» **Task instructions**:
Skip pictures in the listing below; copy exactly the lines from the one with "Квартира в Геленджике цена 7,25 млн.р." through the one with "Купите трёхкомнатную квартиру", inclusive.

» **Records to use**:
%%

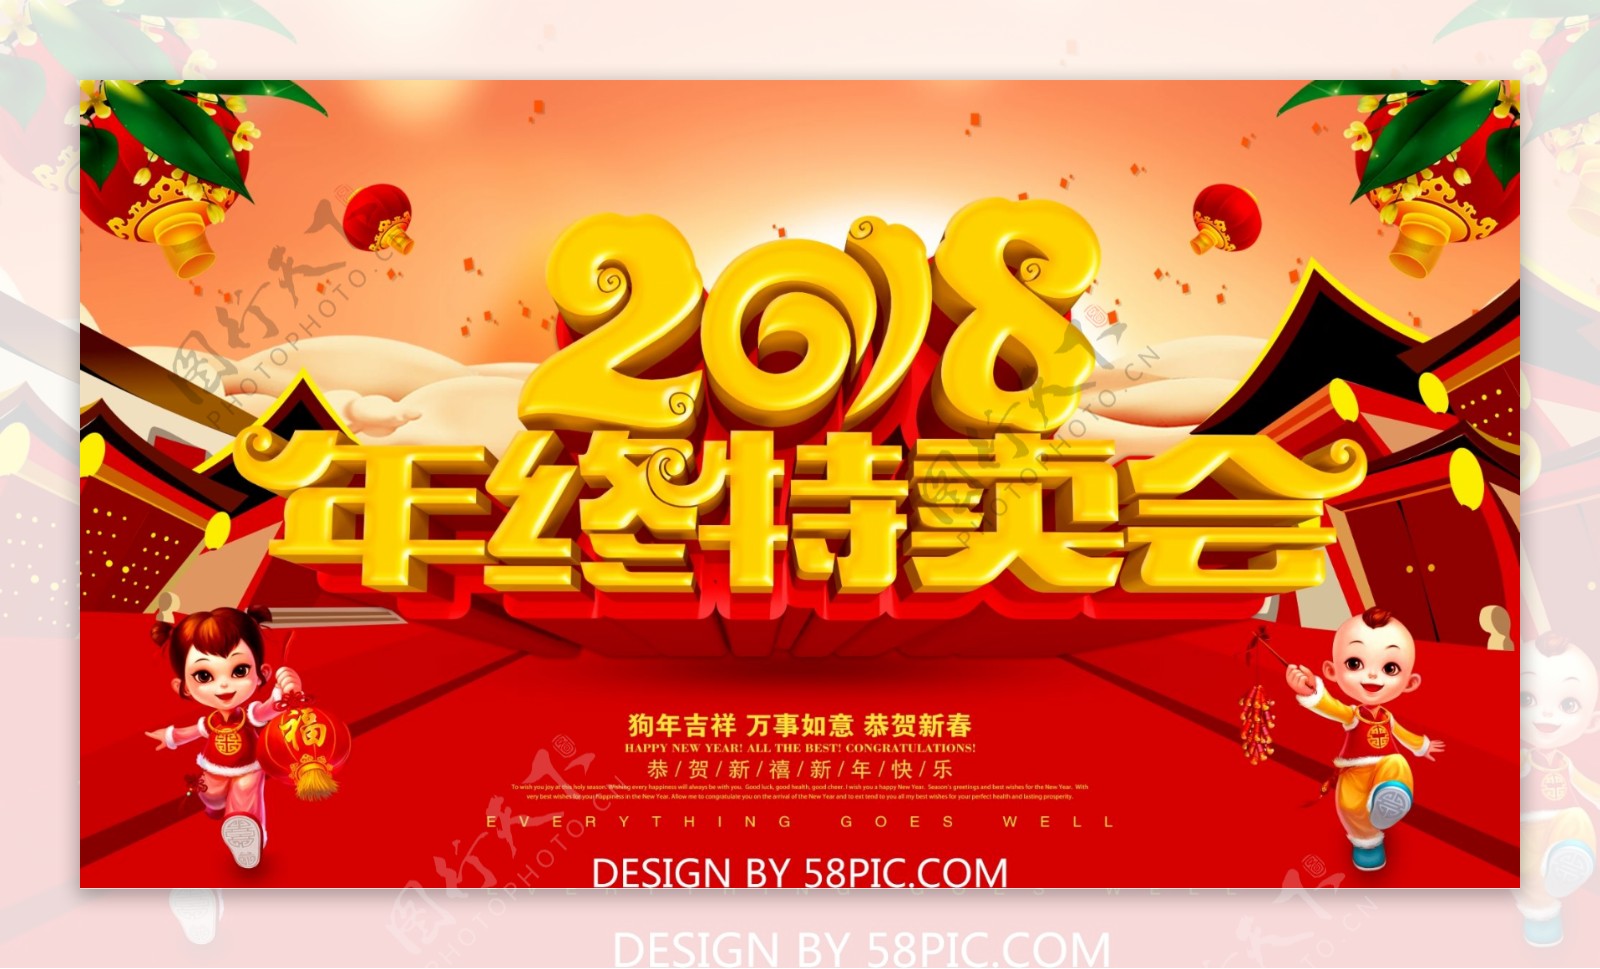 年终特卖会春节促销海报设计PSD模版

%%
%%

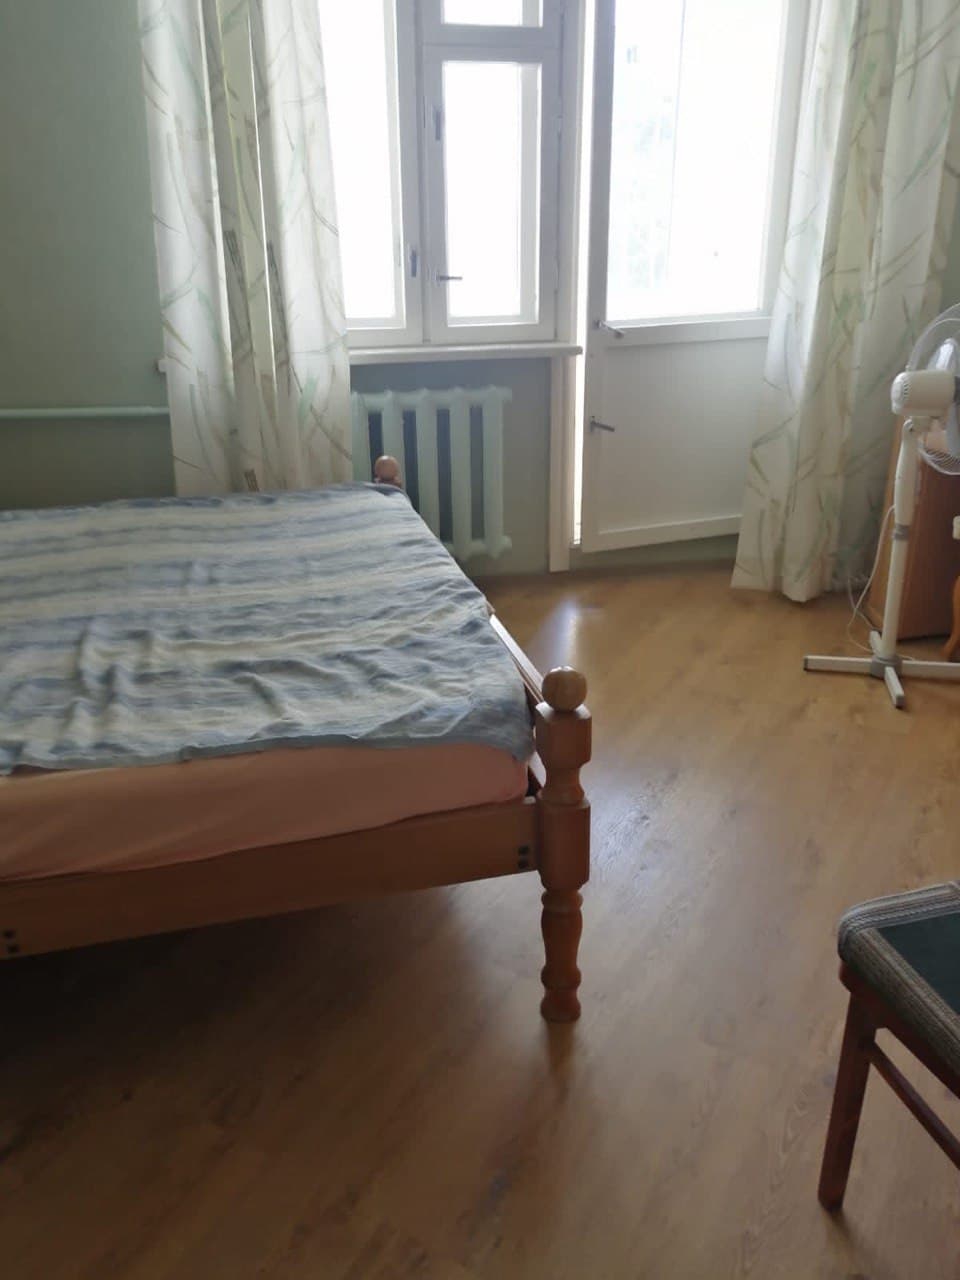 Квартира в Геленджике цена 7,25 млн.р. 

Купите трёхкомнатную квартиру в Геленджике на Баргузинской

%%
%%

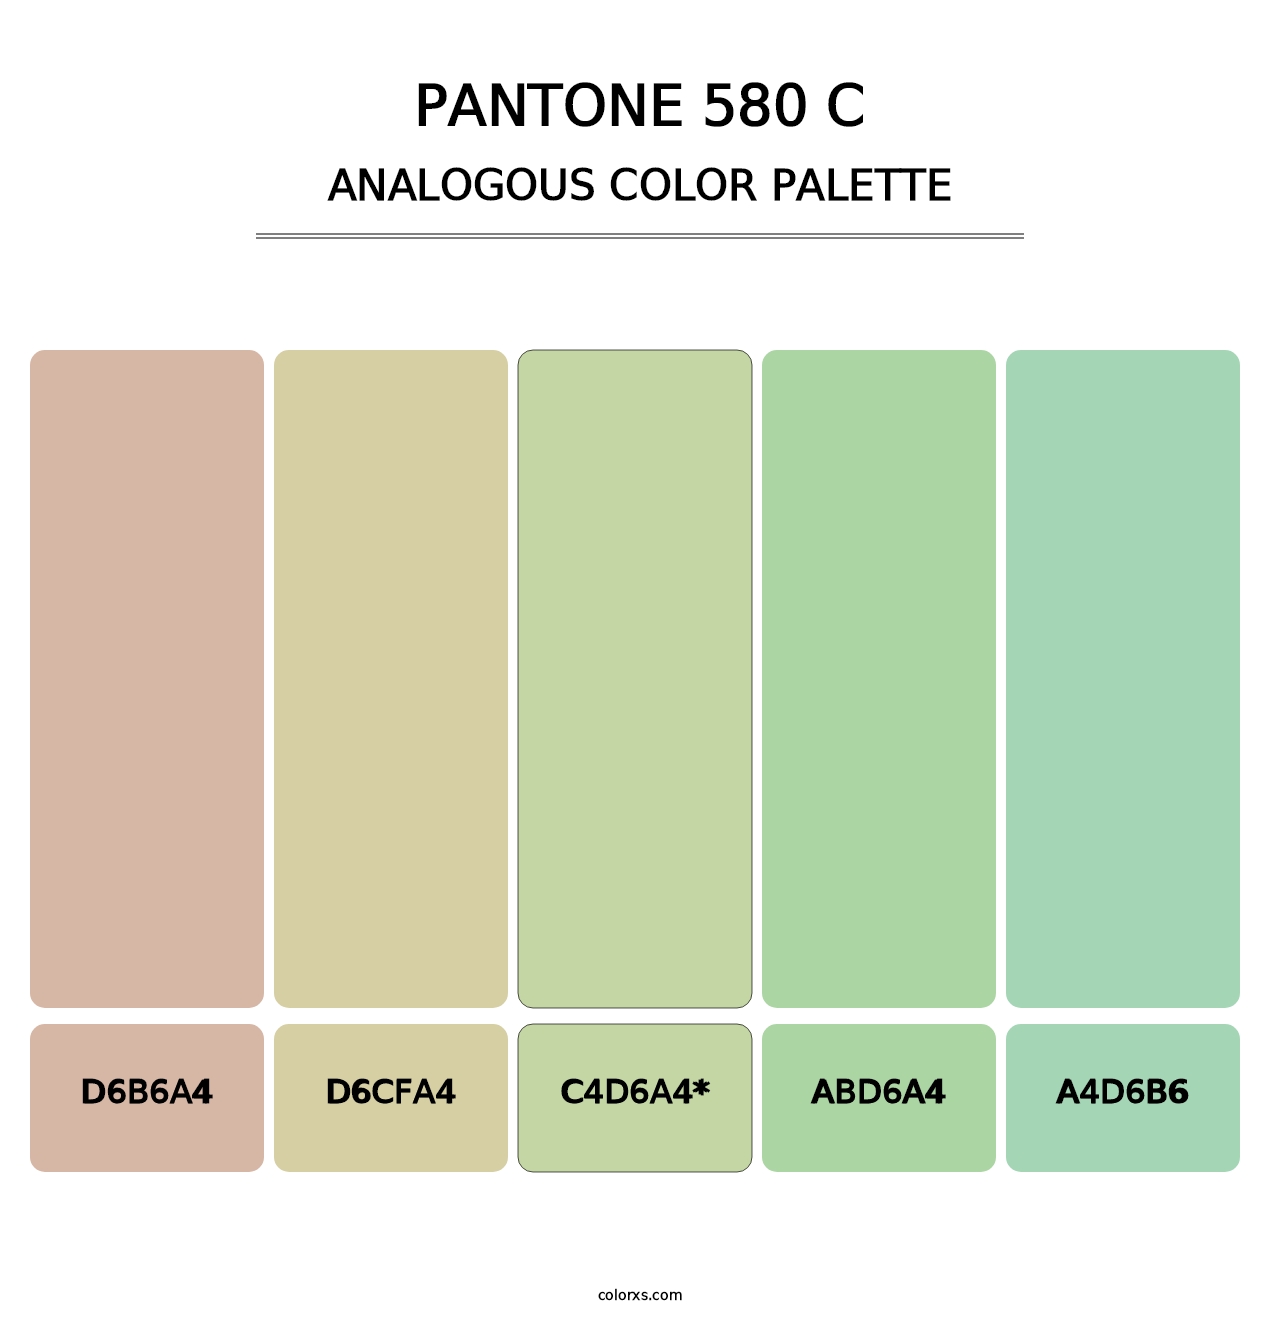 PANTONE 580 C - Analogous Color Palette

%%

» **Written answer**:
 Квартира в Геленджике цена 7,25 млн.р. 

Купите трёхкомнатную квартиру в Геленджике на Баргузинской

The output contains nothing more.